HELENA, Mont. — It could soon be open season on America's iconic grizzly bears.
Federal officials on Thursday announced plans to remove the bear's endangered species’ status — meaning states will be able to approve hunts as long as the bear population stays above 600 bears.
Protections that have been in place for more than 40 years for grizzly bears in the Yellowstone National Park area will be lifted this summer after U.S. government officials ruled that the population is no longer threatened.
Grizzlies in all continental U.S. states except Alaska have been protected under the Endangered Species Act since 1975, when just 136 bears roamed in and around Yellowstone. There are now an estimated 700 grizzlies in the area that includes northwestern Wyoming, southwestern Montana and eastern Idaho, leading the U.S. Fish and Wildlife Service to conclude that the population has recovered.
"This achievement stands as one of America's great conservation successes," Interior Secretary Ryan Zinke said in a statement.
Grizzly bears once numbered about 50,000 and ranged over much of North America. Their population plummeted starting in the 1850s because of widespread hunting and trapping, and the bears now occupy only 2 percent of their original territory.
The final ruling by the Fish and Wildlife Service to remove Yellowstone grizzlies from the list of endangered and threatened species will give jurisdiction over the bears to Montana, Idaho and Wyoming by late July.
Hunting bears inside Yellowstone would still be banned. The bears roam both inside and outside the park, and their range has been expanding as their numbers have grown.
The Obama administration first proposed removing grizzlies as a threatened species by issuing an initial ruling in March 2016. The 15 months that have passed since then have been used to by federal officials to evaluate states' grizzly management plans and respond to themes of concern generated by 650,000 comments from the public, including wildlife advocates and Native American tribal officials who are staunchly opposed to hunting grizzly bears.

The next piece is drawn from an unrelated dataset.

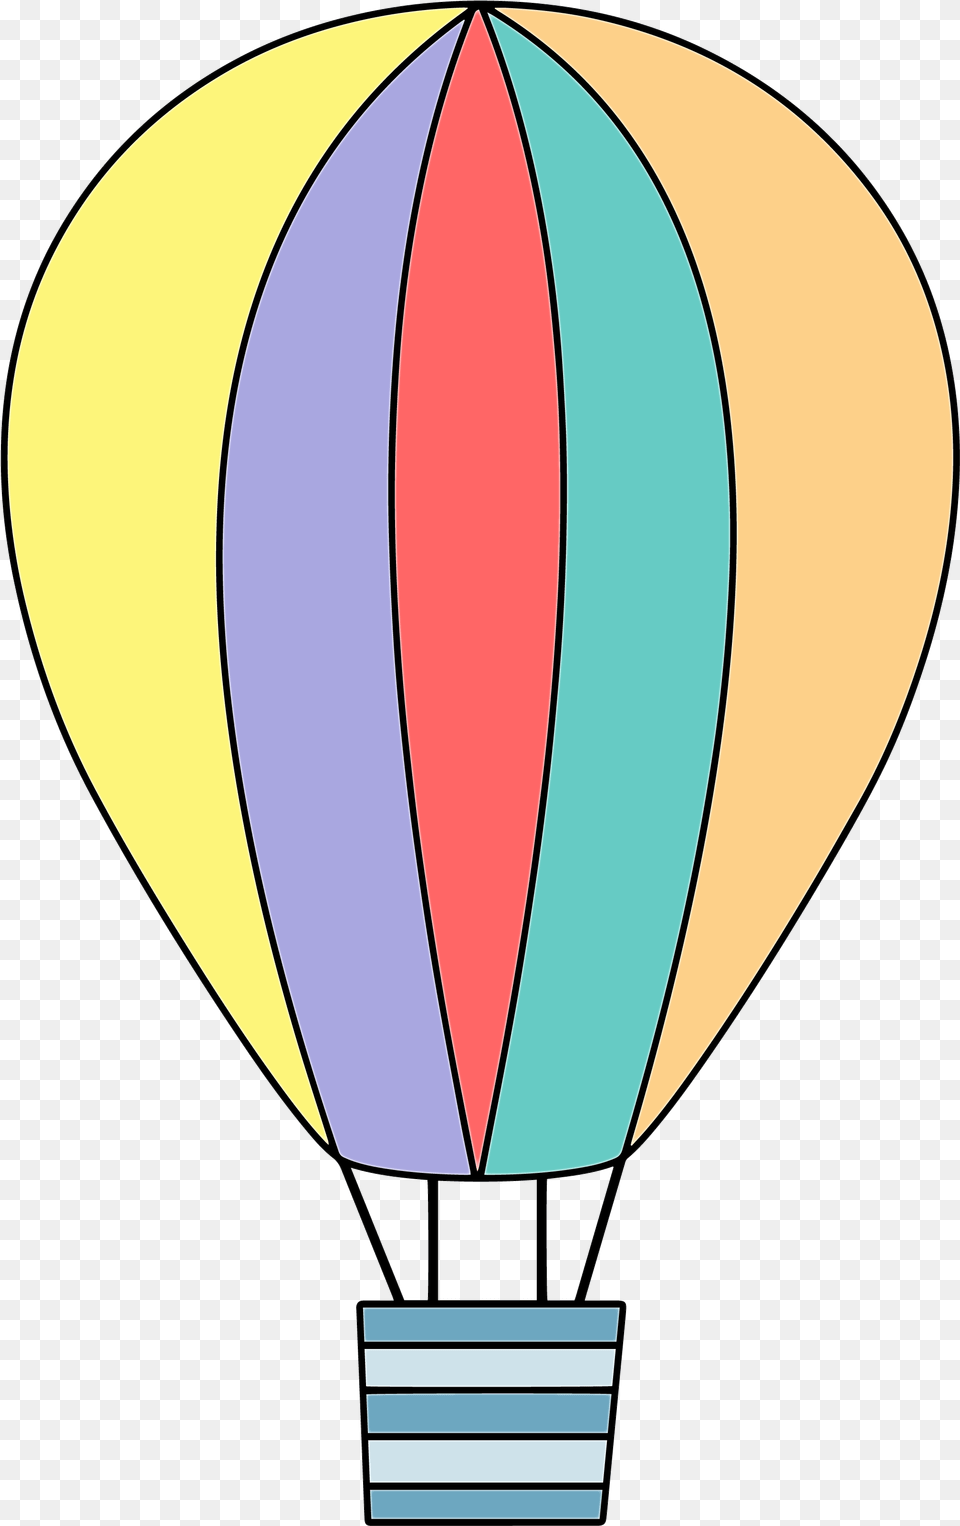 Hot Air Balloon Clipart Happy Birthday Hot Air Balloon, Aircraft, Transportation, Vehicle, Hot Air Balloon Free Png Download

Some 125 tribes have signed a treaty opposing trophy hunting grizzlies, which Native Americans consider a sacred animal.
Thursday's ruling is certain to be challenged in court by conservation groups that argue the Yellowstone bears still face threats to their continued existence from humans, climate change and other factors. Tim Preso, an attorney for environmental law firm Earthjustice, said his organization will look closely at the rule.

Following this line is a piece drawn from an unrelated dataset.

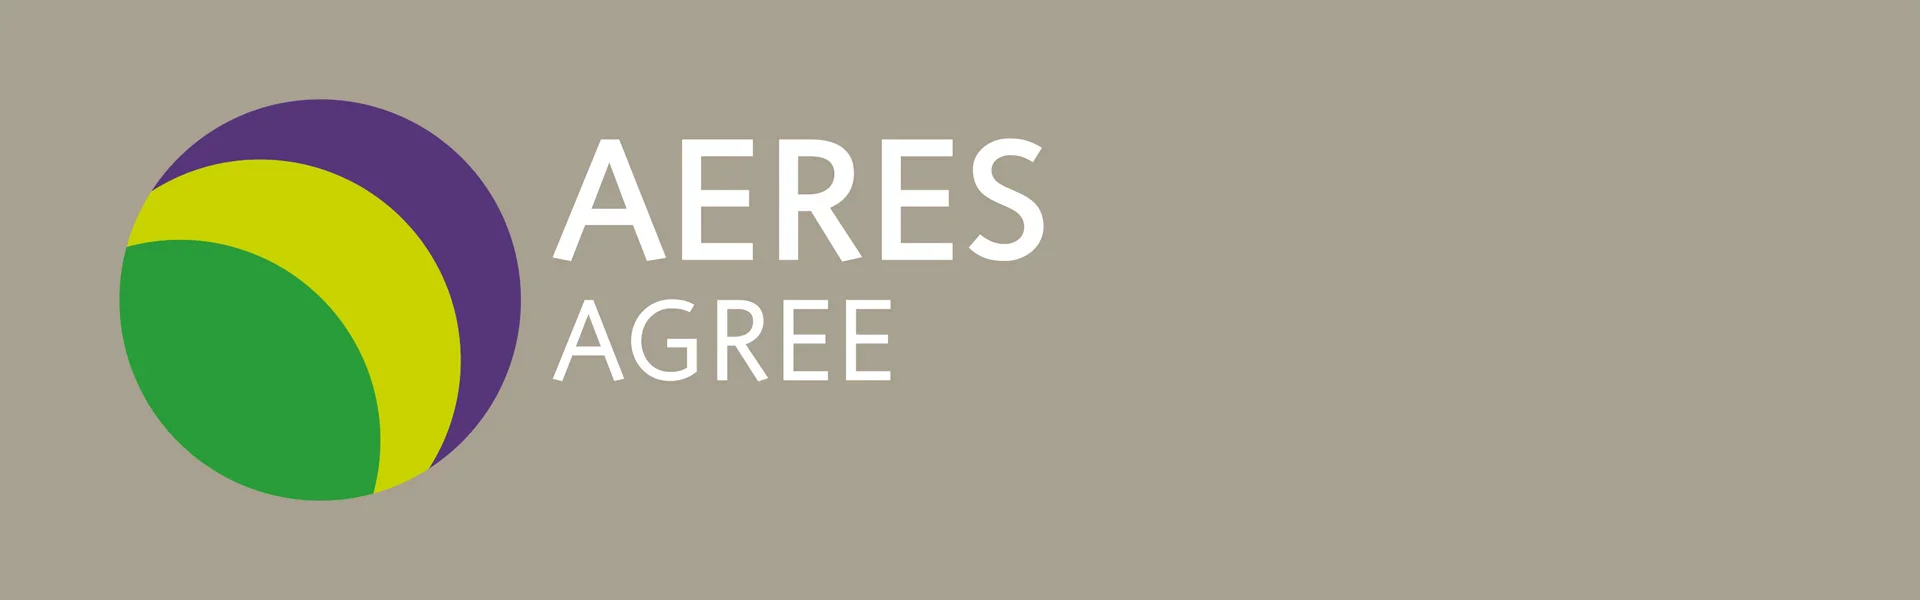 Aeres Agree logo 2016

"We're certainly prepared to take a stand to protect the grizzly, if necessary," he said. "There's only one Yellowstone. There's only one place like this. We ought not to take an unjustified gamble with an iconic species of this region."
Matt Hogan, the deputy regional director for the Fish and Wildlife Service's eight-state Mountain-Prairie Region, said he is confident that the science behind the decision and the management plans the states will follow will withstand any lawsuit.
"We feel like this species is more than adequately protected in the absence of (Endangered Species Act) protections," Hogan said.
Endangered Species Act protections set strict rules meant to protect species from being killed or their habitat being harmed, as opposed to state management practices that can include hunting or trapping as a means to keep an animal's population in check.
Wildlife officials in Montana, Idaho and Wyoming have been managing the bear population alongside federal government officials for decades. Those states have submitted management plans that have been approved, and will follow strict regulations to keep a viable population of above 600 bears, Hogan said.
Scientists also studied the effects of climate change on grizzly bears and their food sources, such as the nuts of whitebark pine trees, which are in decline.
"They found grizzly bears are extremely resilient, extremely flexible and adaptable," Hogan said.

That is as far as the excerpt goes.